The listing is to be transcribed in full, with its images left out.

→ DATA BLOCK:
.....
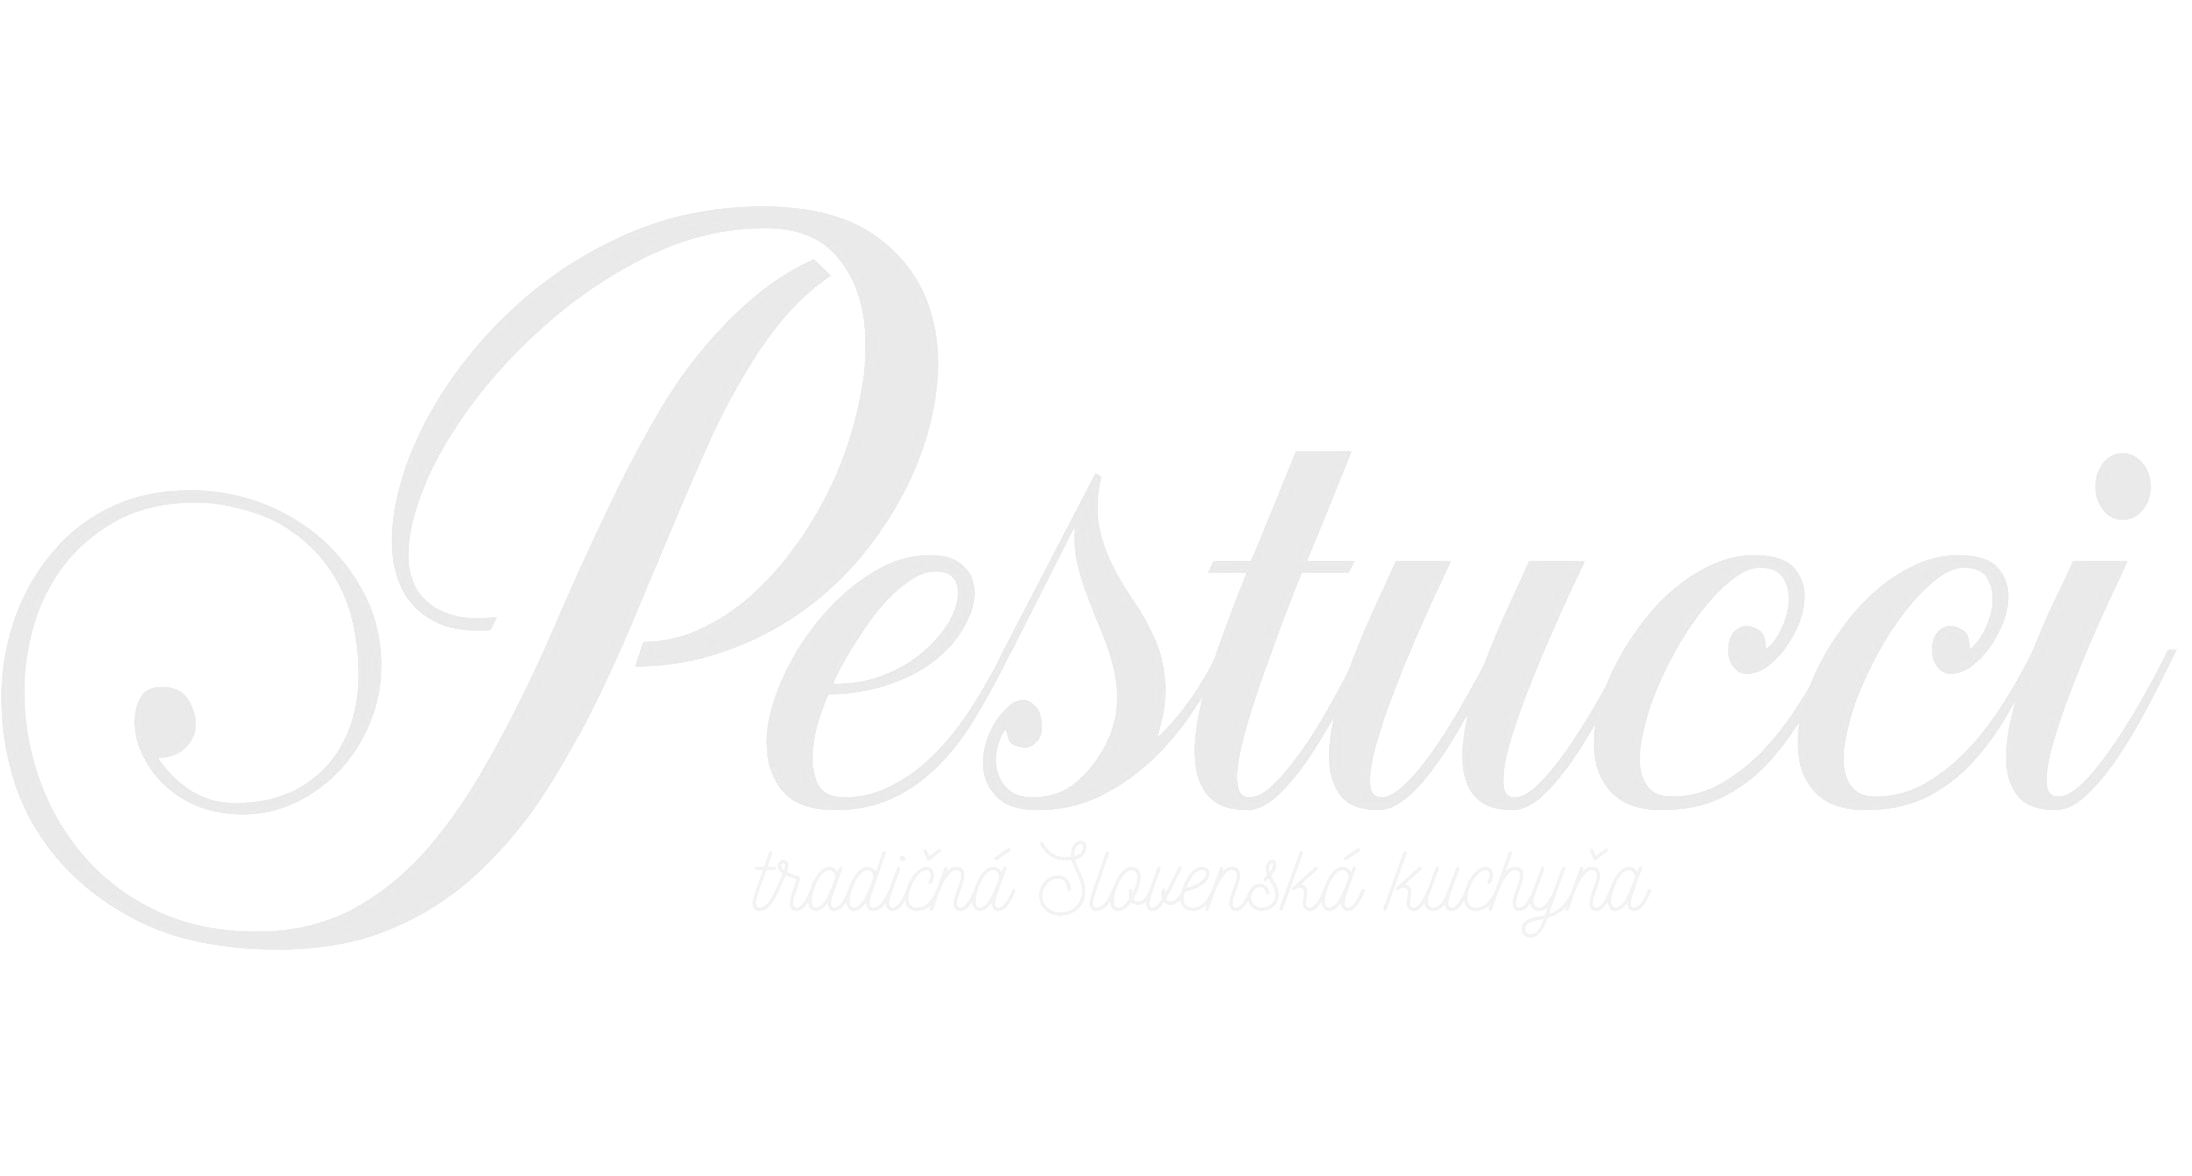 Pestucci
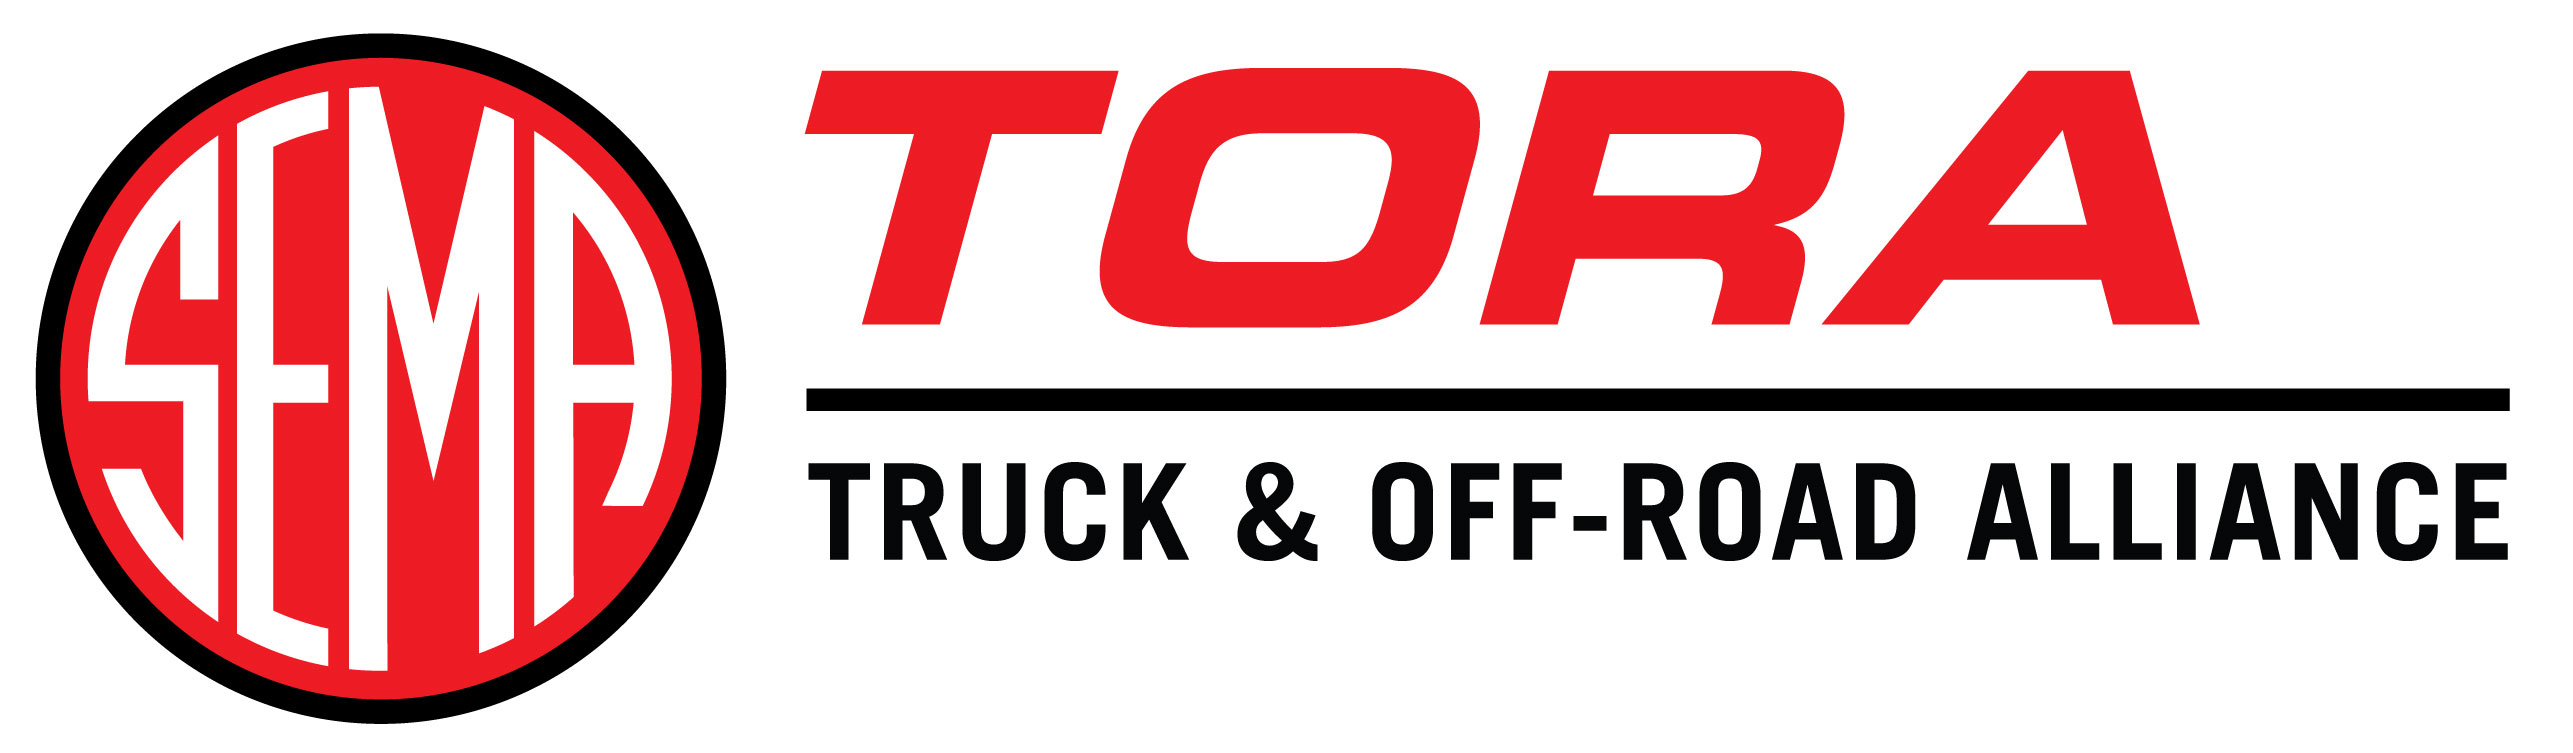 Truck & Off0Road Alliance (TORA) - logo
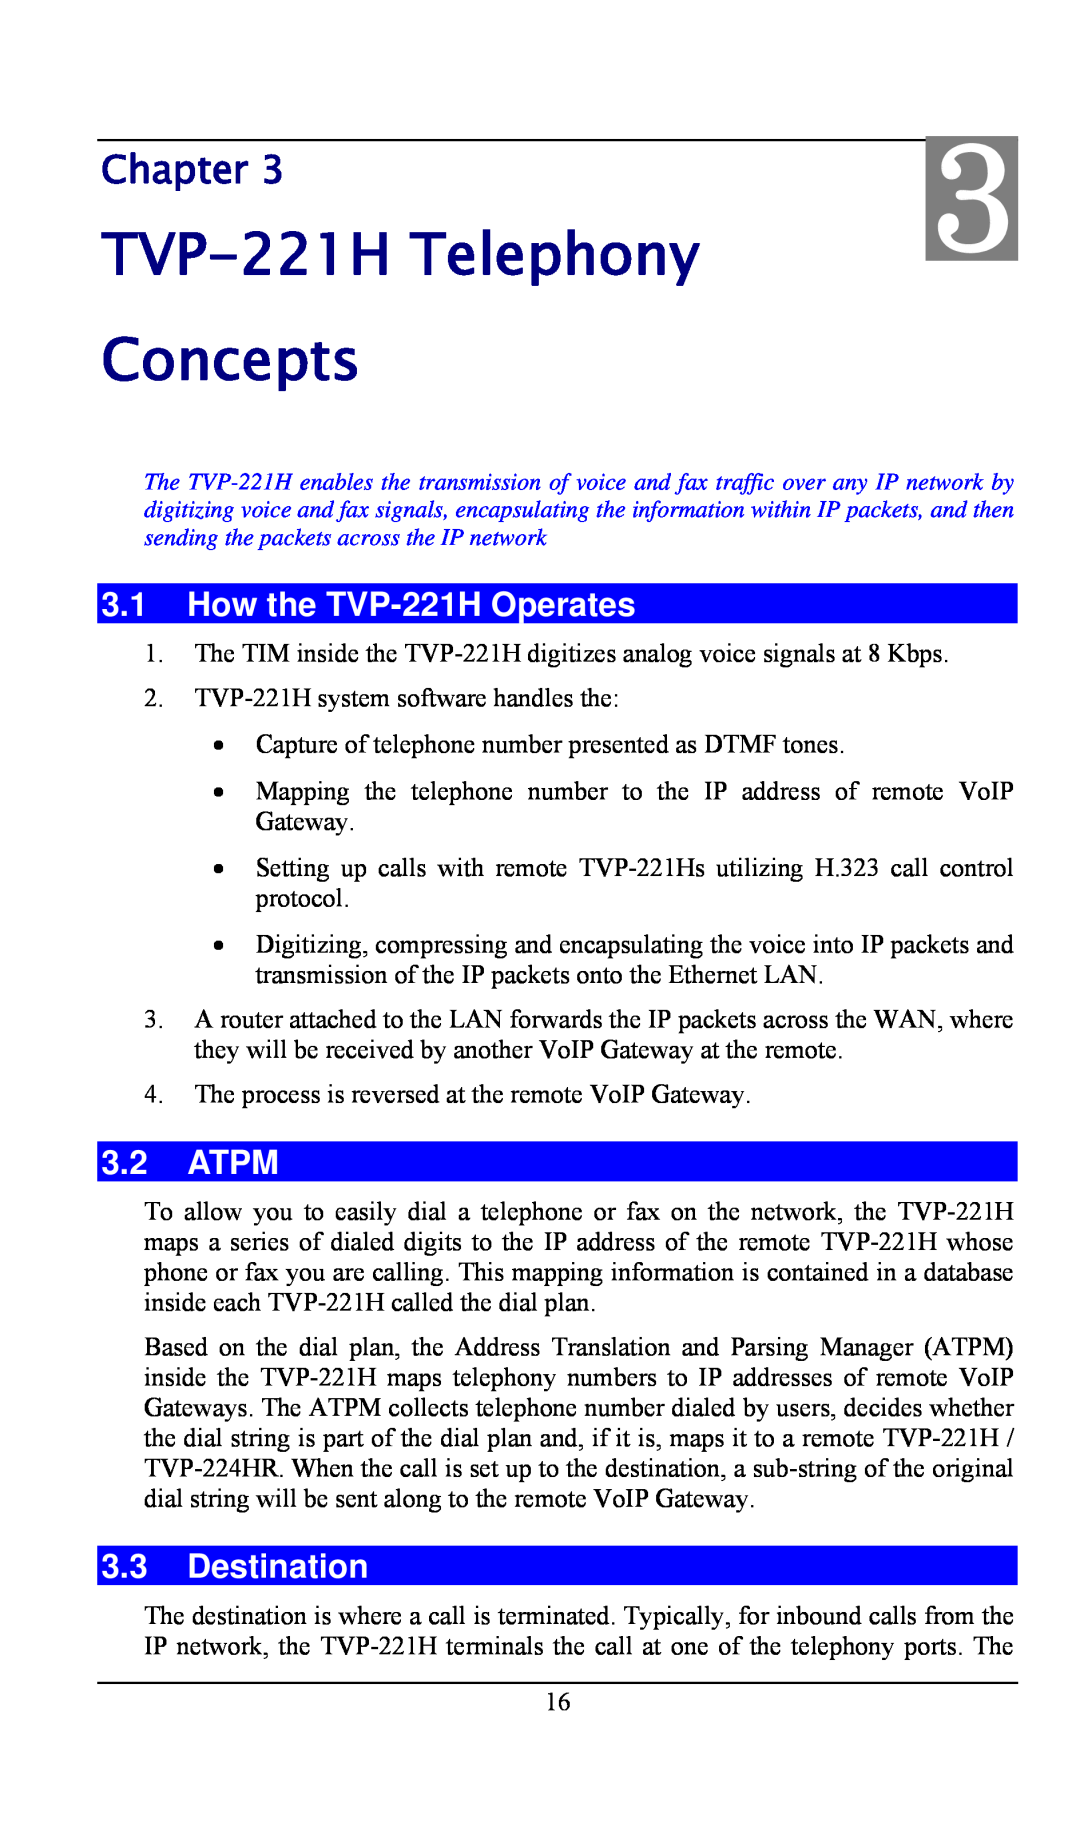 TRENDnet TVP- 221H, VoIP Gateway manual TVP-221H Telephony, Concepts, How the TVP-221H Operates, Atpm, Destination, Chapter
.....
→ ANSWER BOX:
 Pestucci
 Truck & Off0Road Alliance (TORA) - logo
 TRENDnet TVP- 221H, VoIP Gateway manual TVP-221H Telephony, Concepts, How the TVP-221H Operates, Atpm, Destination, Chapter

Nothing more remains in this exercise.